Red with navy blues. I do that combination too.
 
Good to see a topied sole. All my leather soles are done from day 1. A leather sole is ugly as soon as it gets worn and the worn down toe area is horrible.
I used to do the same. Lately, it occurred to me that it simply bothers me. Rubber soles make my feet sweat and I do not like the feeling anymore. I want to wear my leather soles again. At least when they are of good, durable quality. No more vibram for me. I‘ll buy some shoes with proper rubber soles straight away which will serve as bad weather beaters from now on.
 
I used to do the same. Lately, it occurred to me that it simply bothers me. Rubber soles make my feet sweat and I do not like the feeling anymore. I want to wear my leather soles again. At least when they are of good, durable quality. No more vibram for me. I‘ll buy some shoes with proper rubber soles straight away which will serve as bad weather beaters from now on.
Never had an issue with sweaty feet. But I think I am one of those folk whose feet simply don't sweat. And what is the biological advantage of losing heat through such a relatively small body part, especially since this part of the body has been covered ancestrally by many human beings for millennia?
 
Never had an issue with sweaty feet. But I think I am one of those folk whose feet simply don't sweat. And what is the biological advantage of losing heat through such a relatively small body part, especially since this part of the body has been covered ancestrally by many human beings for millennia?

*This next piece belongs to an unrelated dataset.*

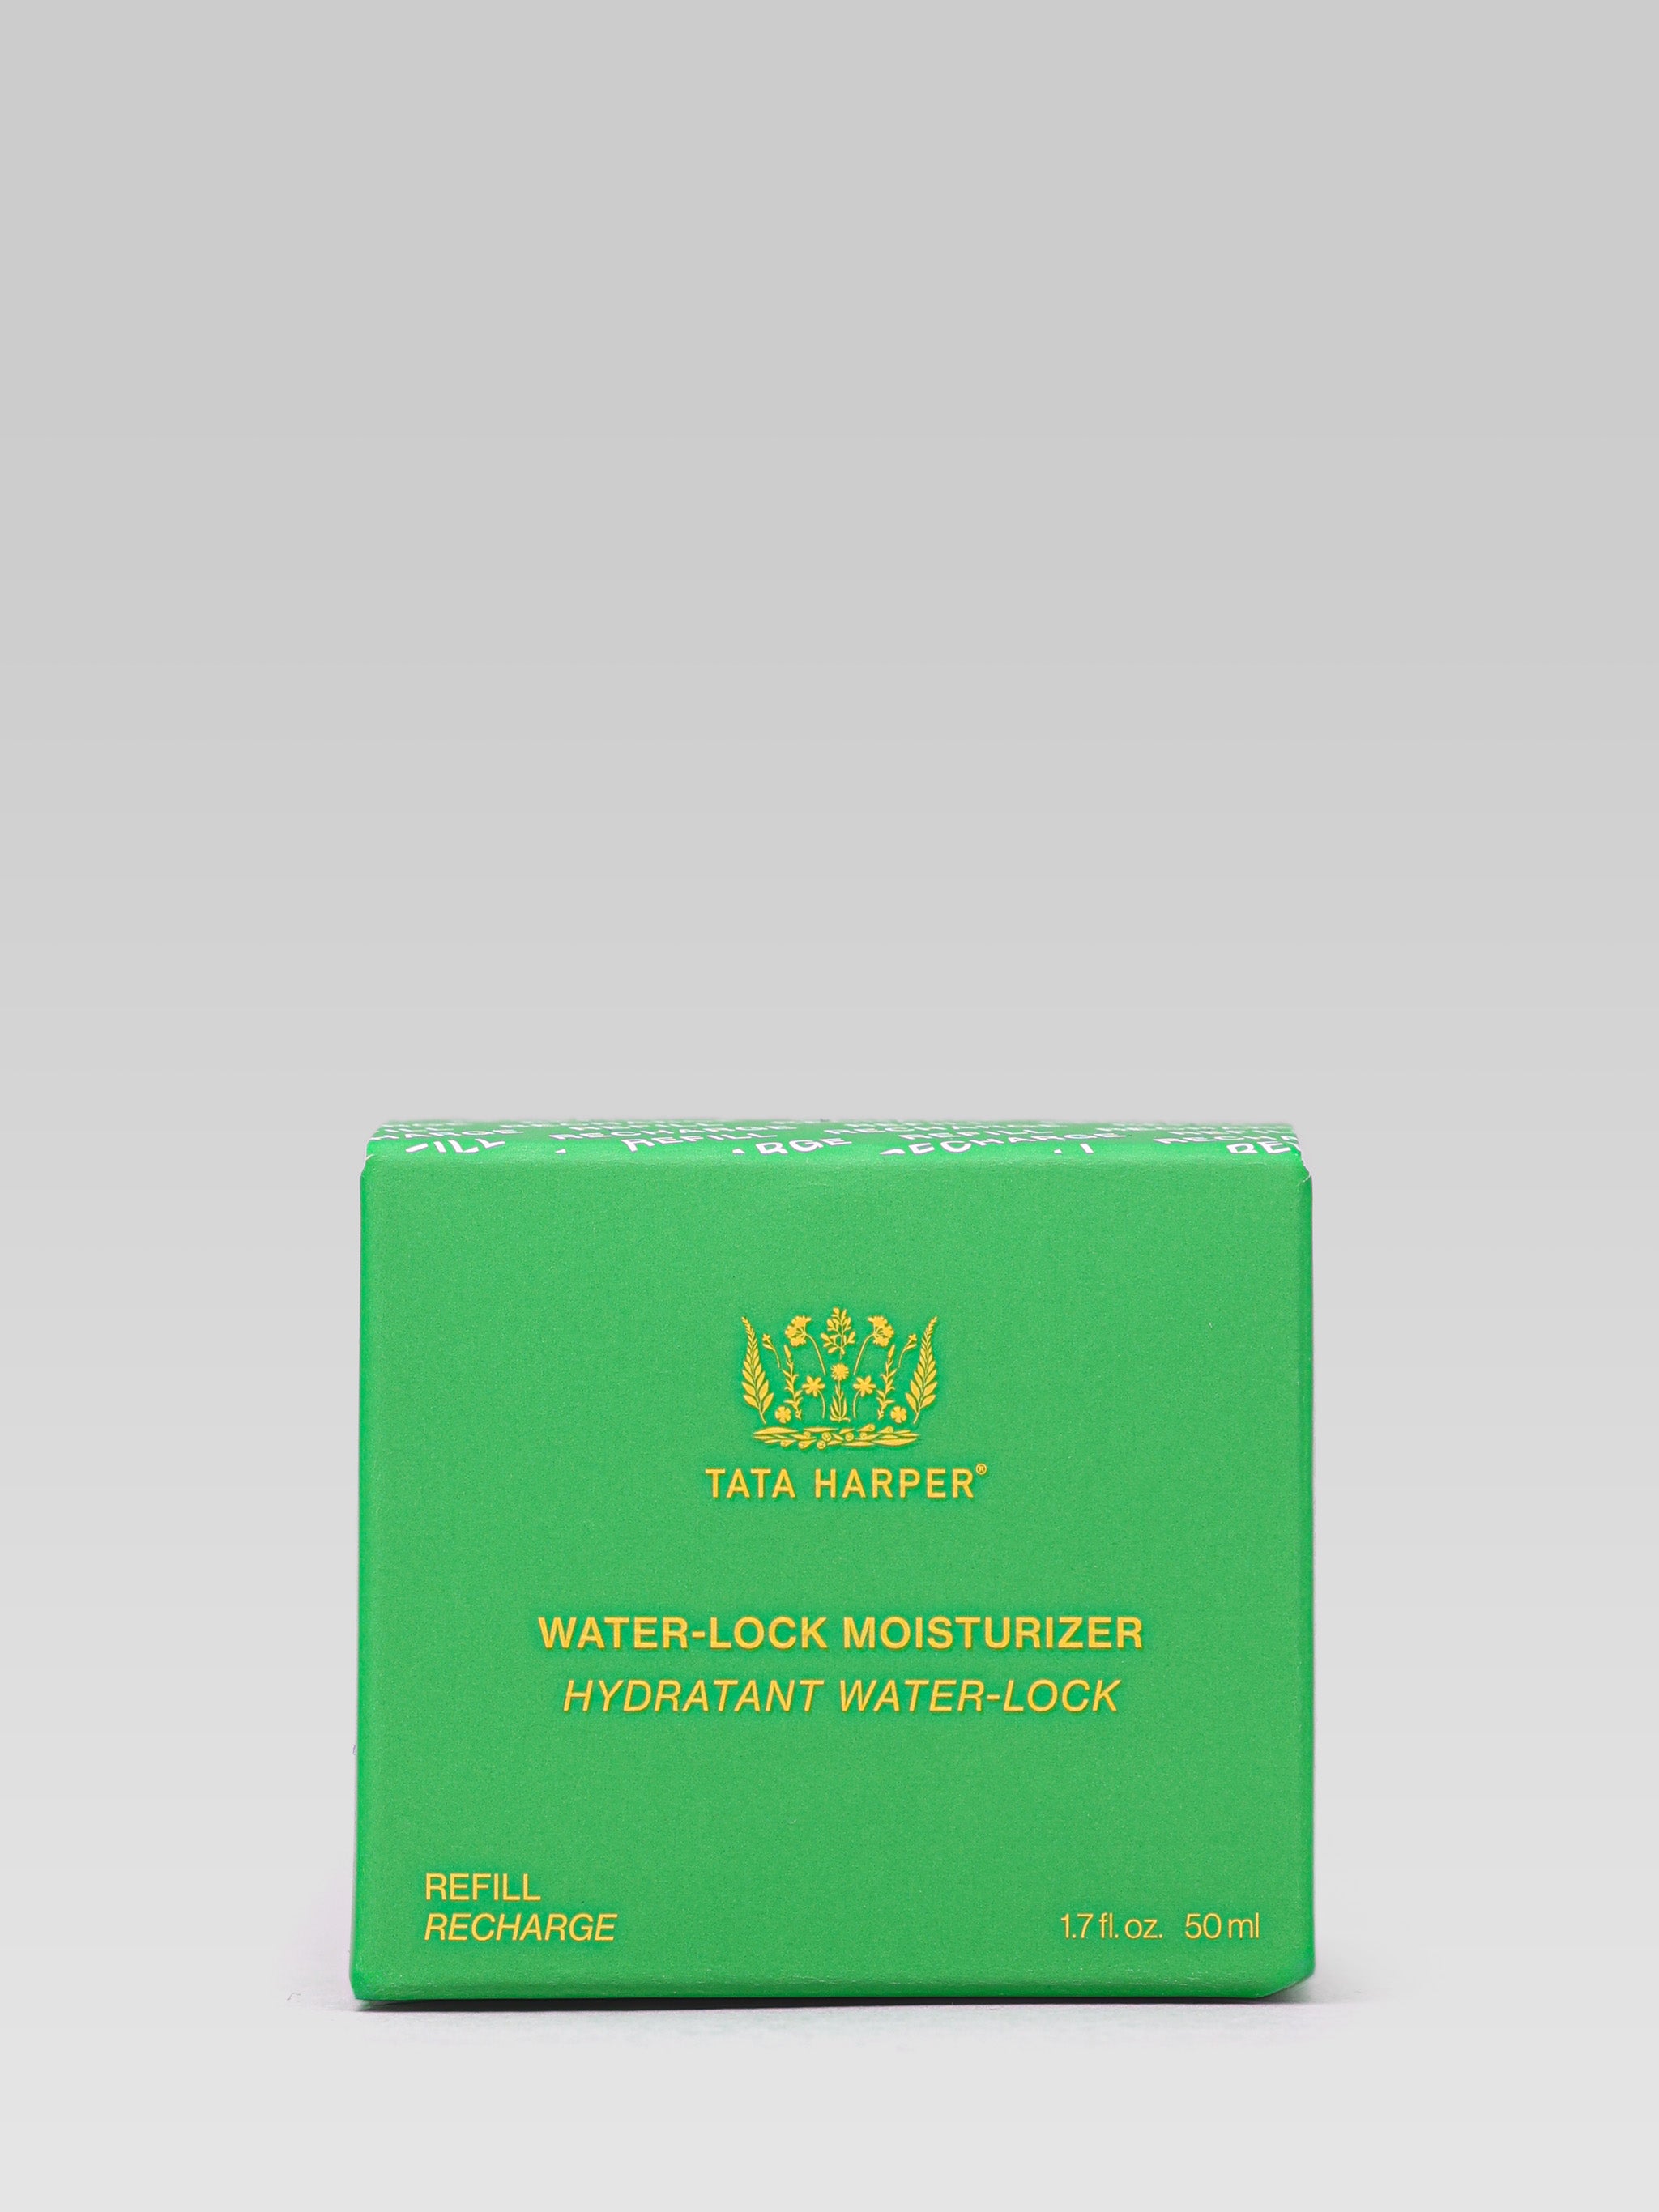 Tata Harper Waterlock Moisturizer Refill product packaging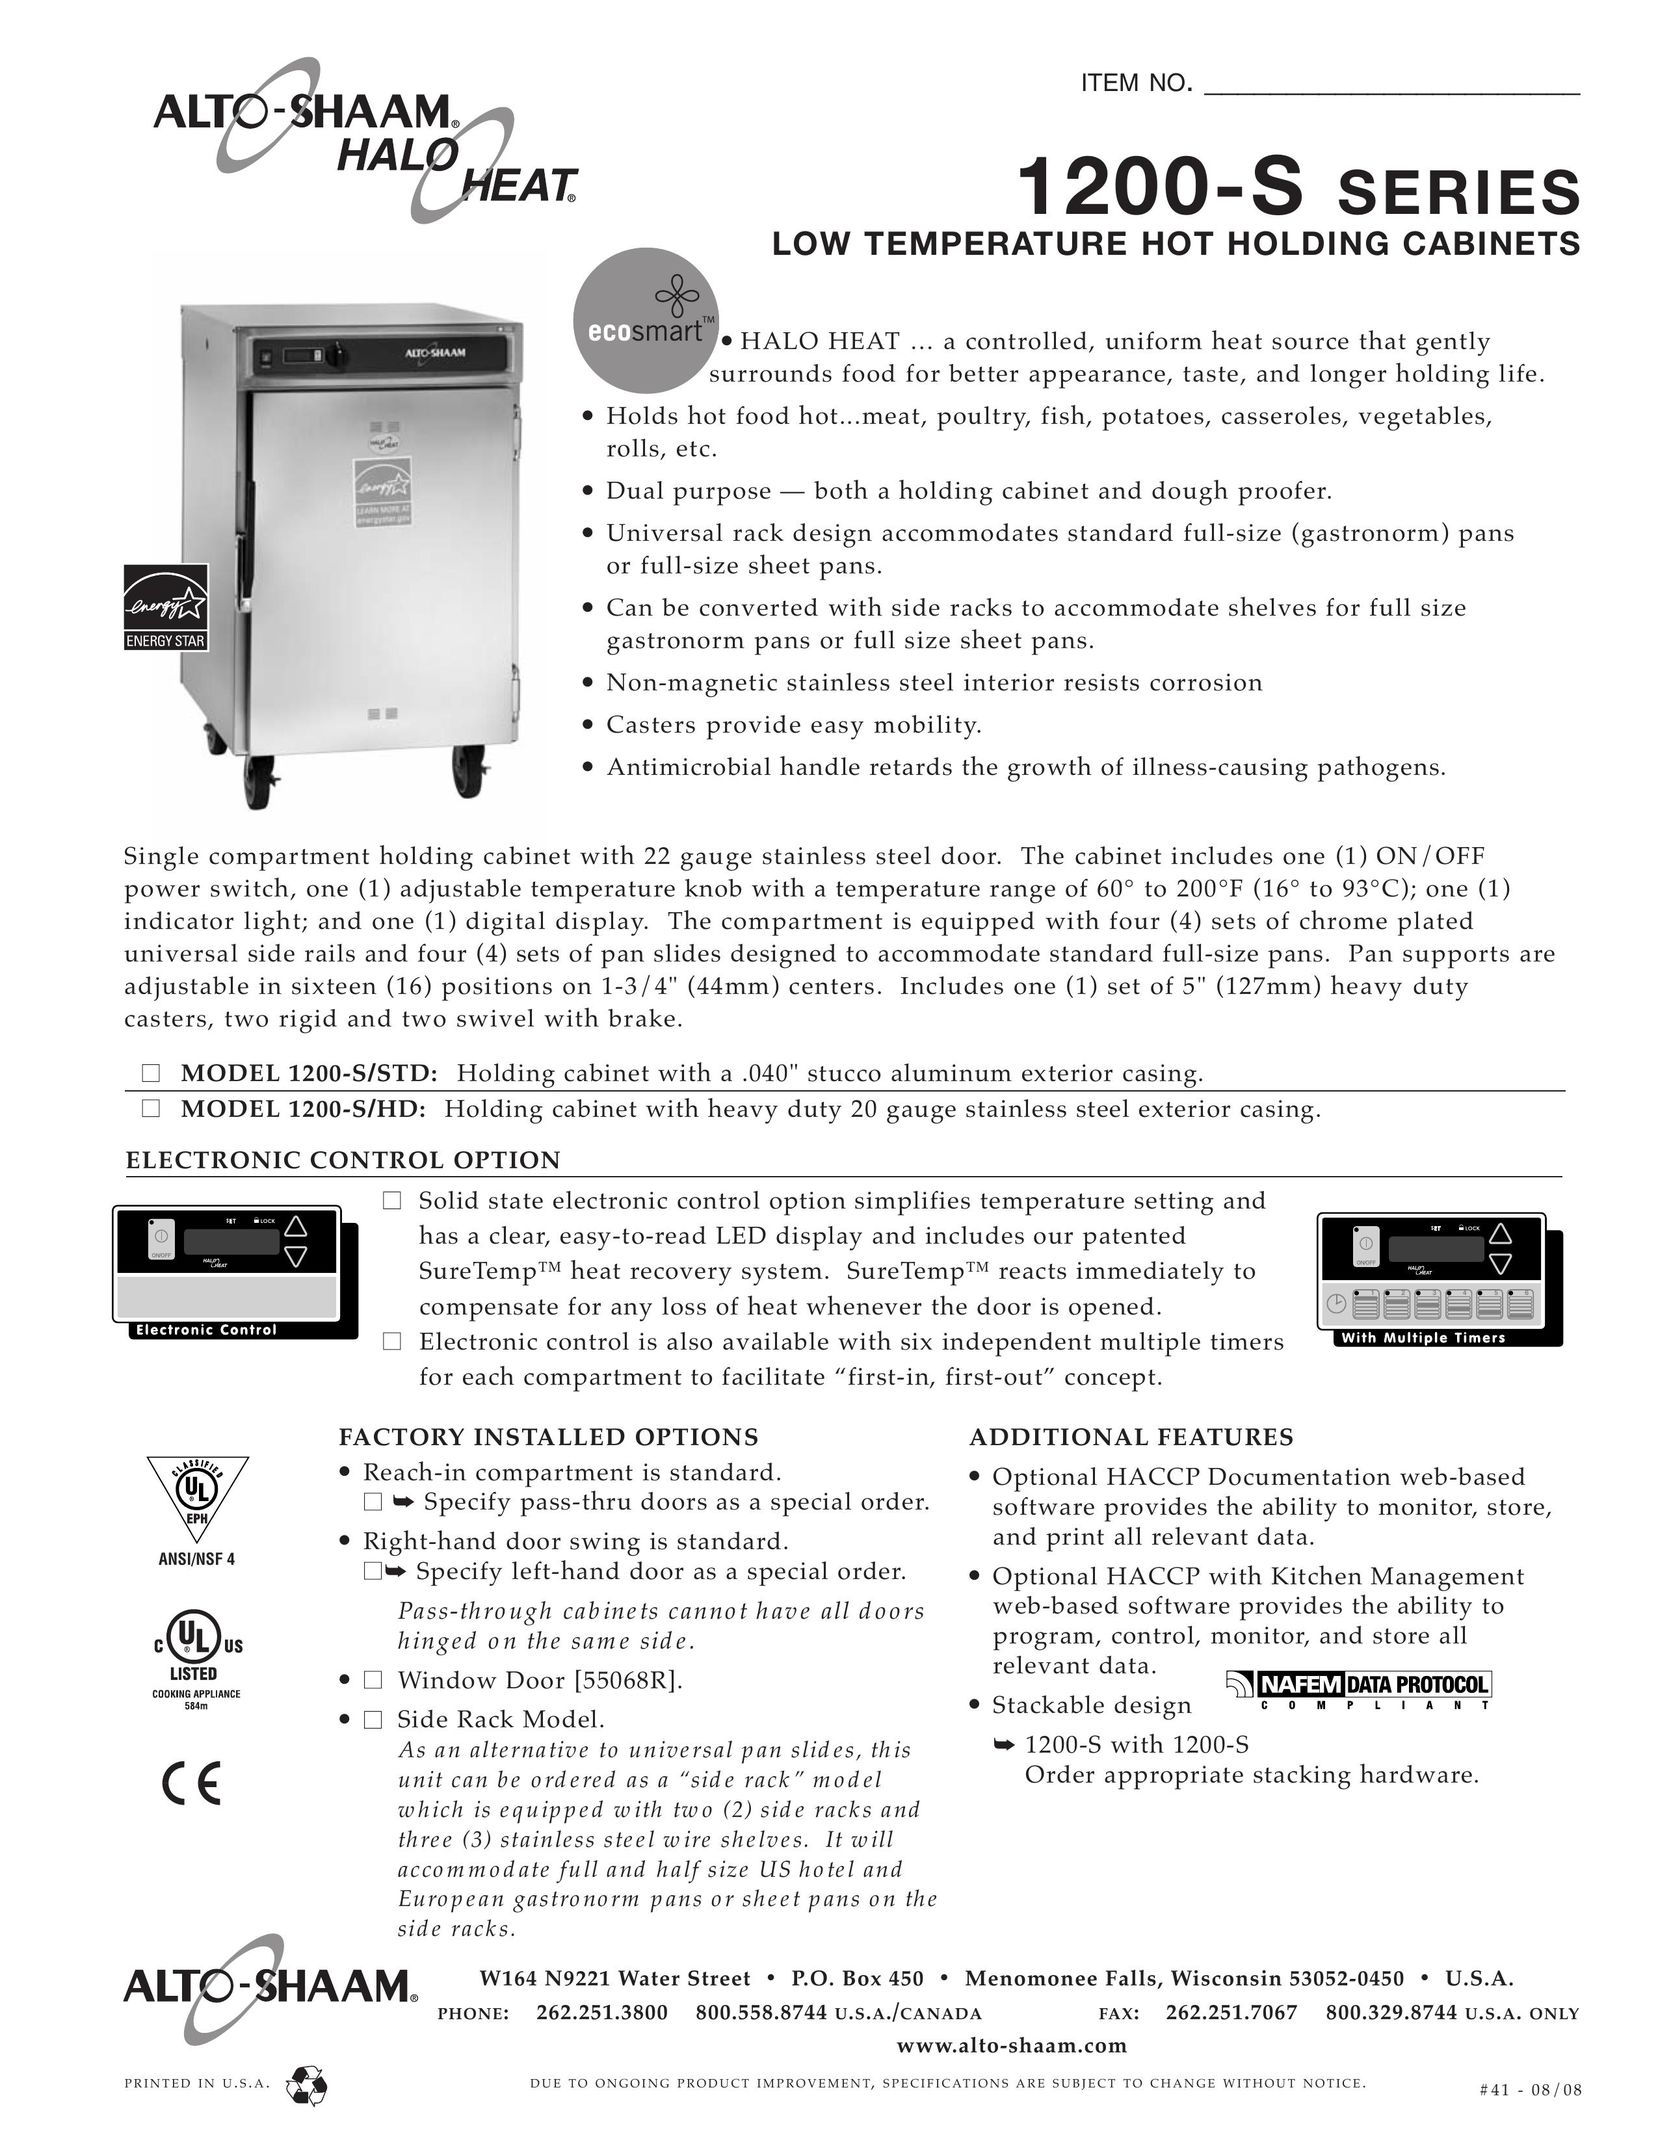 Alto-Shaam 1200-S/STD Oven User Manual

I‘m afraid, I’m unable to answer that. It may well be that it is no more than a product of imagination but I believe to feel it. I have stripped some of the rubber-blemished pairs, some I might just walk off. By the way: I have never had handwelted shoes resoled and am thinking about that for future jobs on Vass. Does anyone have any experience with their resoling service? I‘m not sure whether a machine-stitched sole would alter anything significantly but am losing trust in my cobbler slowly.
 
People who routinely topy their soles probably also use those plastic couch covers. Don’t trust them.
I really like those plastic covers for Jewish Shtreimel hats. I would get one, but Shtreimels are very expensive and I am not actually Jewish - so they might not sell one to me anyway.
 
I'm with fxh fxh on Topy and preventing death on marble or highly polished floors. A bit of moisture and it's easy to blow a wheel when you leather heel goes sliding out from under you.
 
I'm with fxh fxh on Topy and preventing death on marble or highly polished floors. A bit of moisture and it's easy to blow a wheel when you leather heel goes sliding out from under you.
Ever since a pair of double leather soled C&Js tried to kill me in the Parisian subway topy it is. Being a heavier person I still chose to have them resoled after a few years as the shoes tend to lose shape and stiffness over time.